Thanks everybody, basil seems to grow pretty good here in the Fort Worth area. The garden is also enclosed with screens to help keep the bugs off.


----------



## Mucho Bocho (Jun 17, 2014)

Strong Steve! I like the idea of a bug free garden. Be cool to see some shots of the garden and your raised bed setup. Very uniform chop job on the basil and pecan. Isn't that a nakiri? Would have grabbed a rocker with a bloated belly for that the nuts. Ups on the meat too Man


----------



## sw2geeks (Jun 17, 2014)

Mucho Bocho said:


> Strong Steve! I like the idea of a bug free garden. Be cool to see some shots of the garden and your raised bed setup. Very uniform chop job on the basil and pecan. Isn't that a nakiri? Would have grabbed a rocker with a bloated belly for that the nuts. Ups on the meat too Man



It is a Chukabocho I had custom made by Moritaka. It is 1/3 damascus, 2/3 Kurouchi with a hammer finish. Here they are adding the hammer finish. 

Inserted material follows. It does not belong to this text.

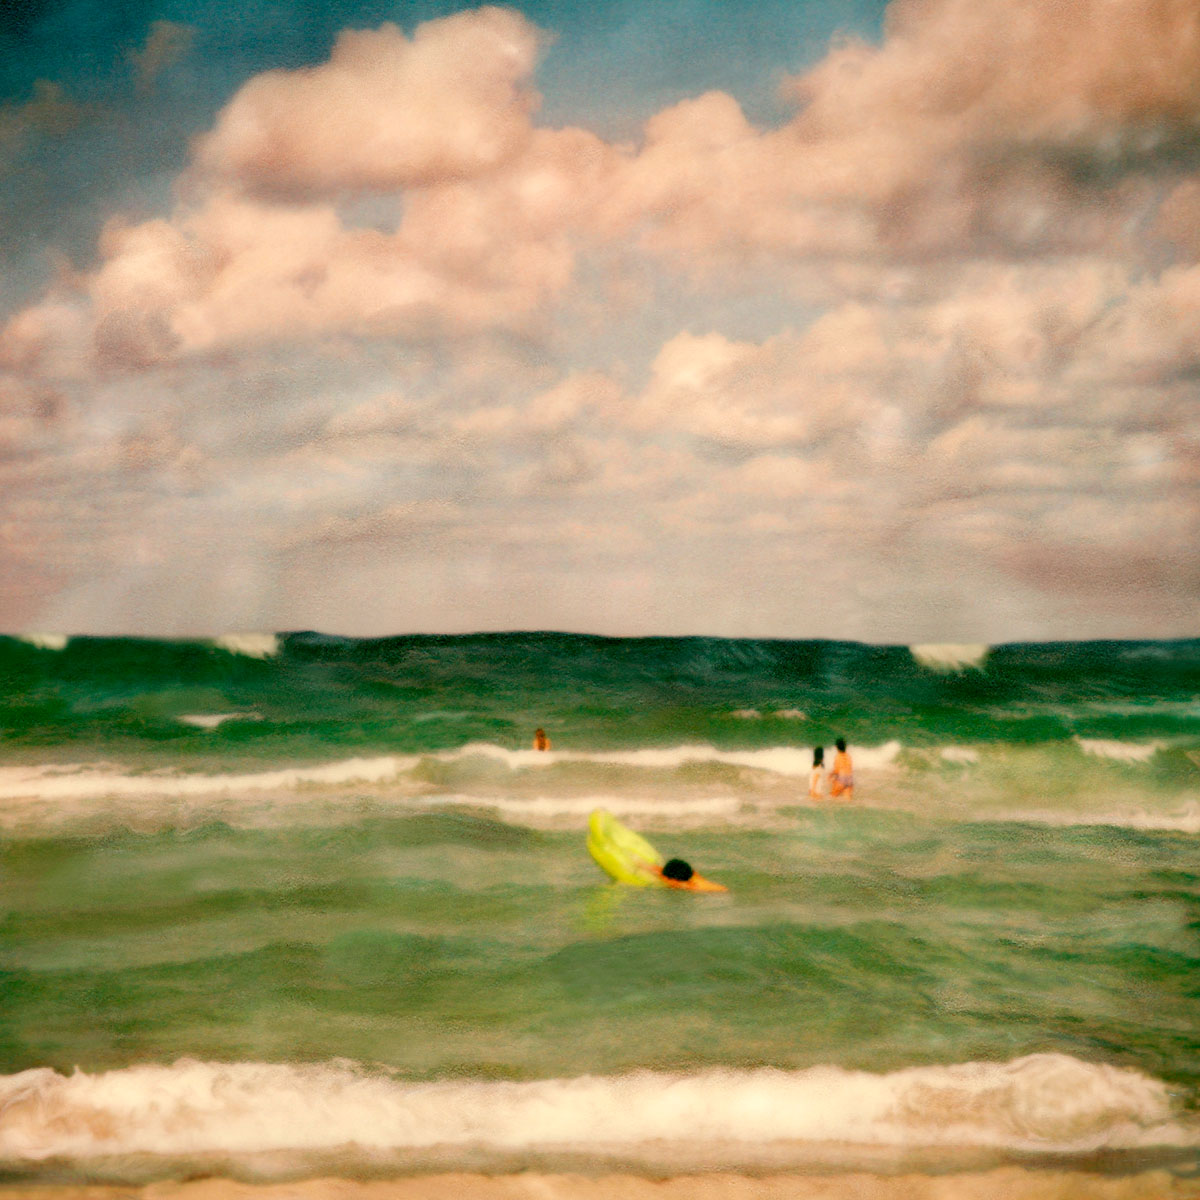 "People Swimming in Green Water"<br>Seascape, Hollywood Beach, FL

Here is a pic of the herb garden.






I wrote a story about it here.
http://www.dfw.com/2012/06/19/639973/weekend-chef-herb-garden-project.html


----------



## jai (Jun 18, 2014)

Nice garden now im tempted to build one haha.


----------



## Zwiefel (Jun 18, 2014)

As always, amazing photos and excellent execution Steve. Thanks for sharing.


----------



## toddnmd (Jun 18, 2014)

Great share, thanks! I remembered your Christmas Rib Roast article, and I just did a quick browse to see there's a lot of good stuff since then I need to catch up on!


----------



## cilucia (Jun 20, 2014)

That herb garden is amazing... going to pin it to my fantasy home design Pinterest board :lol2:


----------



## boomchakabowwow (Jun 20, 2014)

aw..that herb garden is badass!!


----------



## daveb (Jun 20, 2014)

Steve pops in (all to seldom) and leaves eye candy behind. I thought I remembered a WIP on the garden and with a brief search found:

http://www.kitchenknifeforums.com/showthread.php/6961-Herb-Garden-project 
http://www.dfw.com/2012/06/19/639973/weekend-chef-herb-garden-project.html

Kewl stuff.​


----------



## wrobelan (Apr 18, 2015)

Wow that is impressive. How much did the whole project cost you?


----------



## Bonertyme (Apr 20, 2015)

beautiful garden. Also i've done pesto with macadamian nut in replace of pine nut. Came out not too bad.


----------